Eventually, these trustworthy and personalized AI systems may become reliable and dependable enough that we can entrust them with running many aspects of our lives on autopilot: ordering groceries when we run low on them, paying our bills, engaging in sometimes difficult and protracted negotiations, and many other things that we can’t even imagine right now. They could become a more enhanced versions of ourselves. They will grow and learn with us, absorb more and more of our experiences. Eventually, when we are not around any more, they may become the most enduring manifestations of our identity. And that’s not something to be taken lightly.

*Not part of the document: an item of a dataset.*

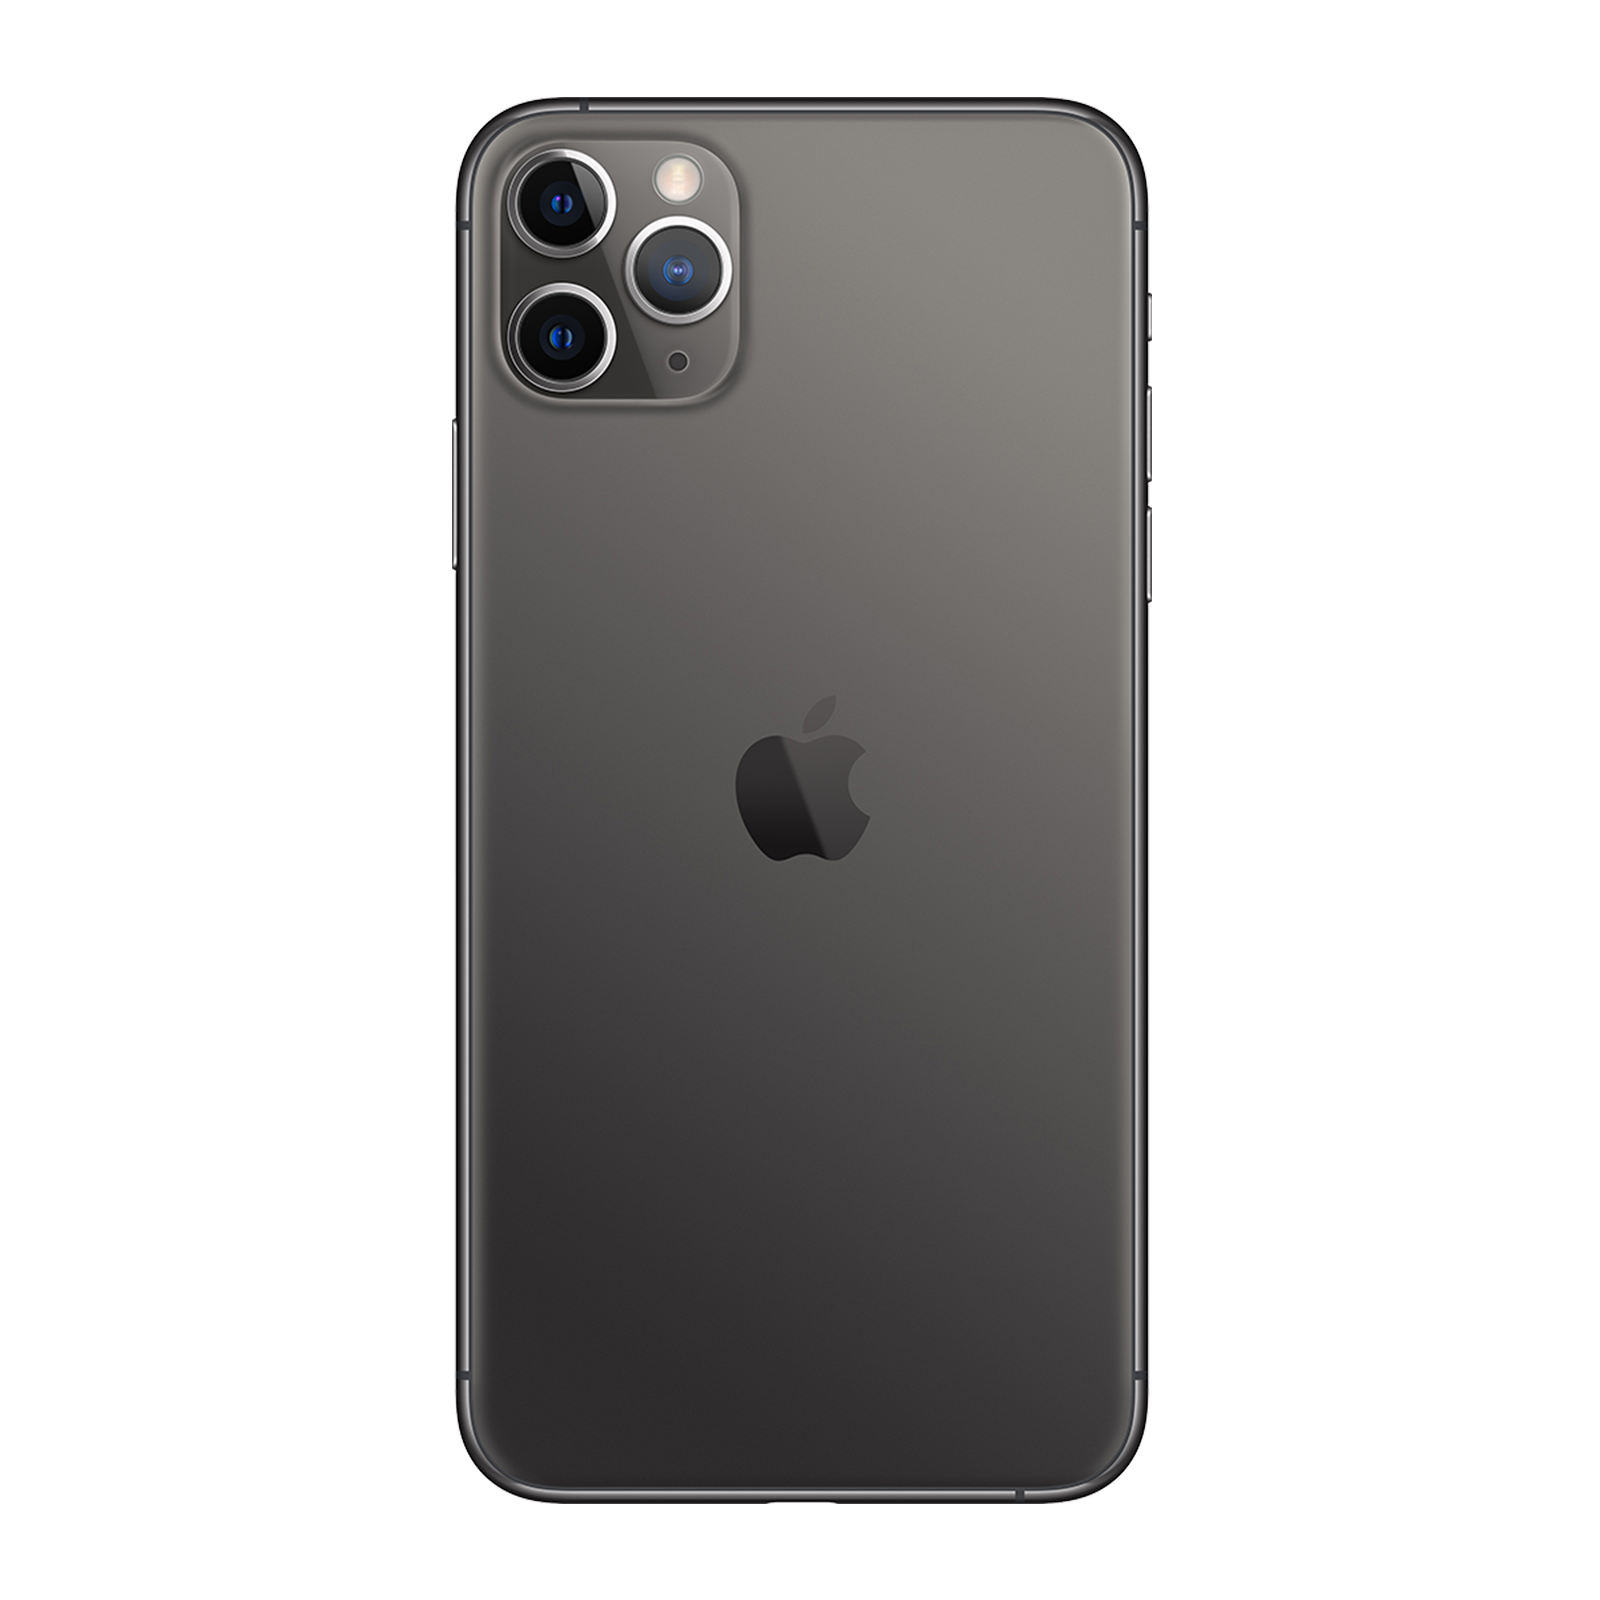 Apple iPhone 11 Pro Max 512GB Space Grey Pristine - T-Mobile

Love the concept and especially the statement that you want an AI which overfits to you.
Local models are the path to this as besides full control you can run it in a privacy friendly setup. No one, except yourself and your personal AI, should have access to all the data that you created in your lifetime.
I've been working on a special project for ~6-months. You've forecasted a future where everyone has an AI companion, finely tuned to their life context, and needs. You are urging developers and product teams to bake in ethical guardrails and privacy-first architectures from the start, so these personal AIs empower rather than exploit. I agree. What ideas do you have to accomplsih this well?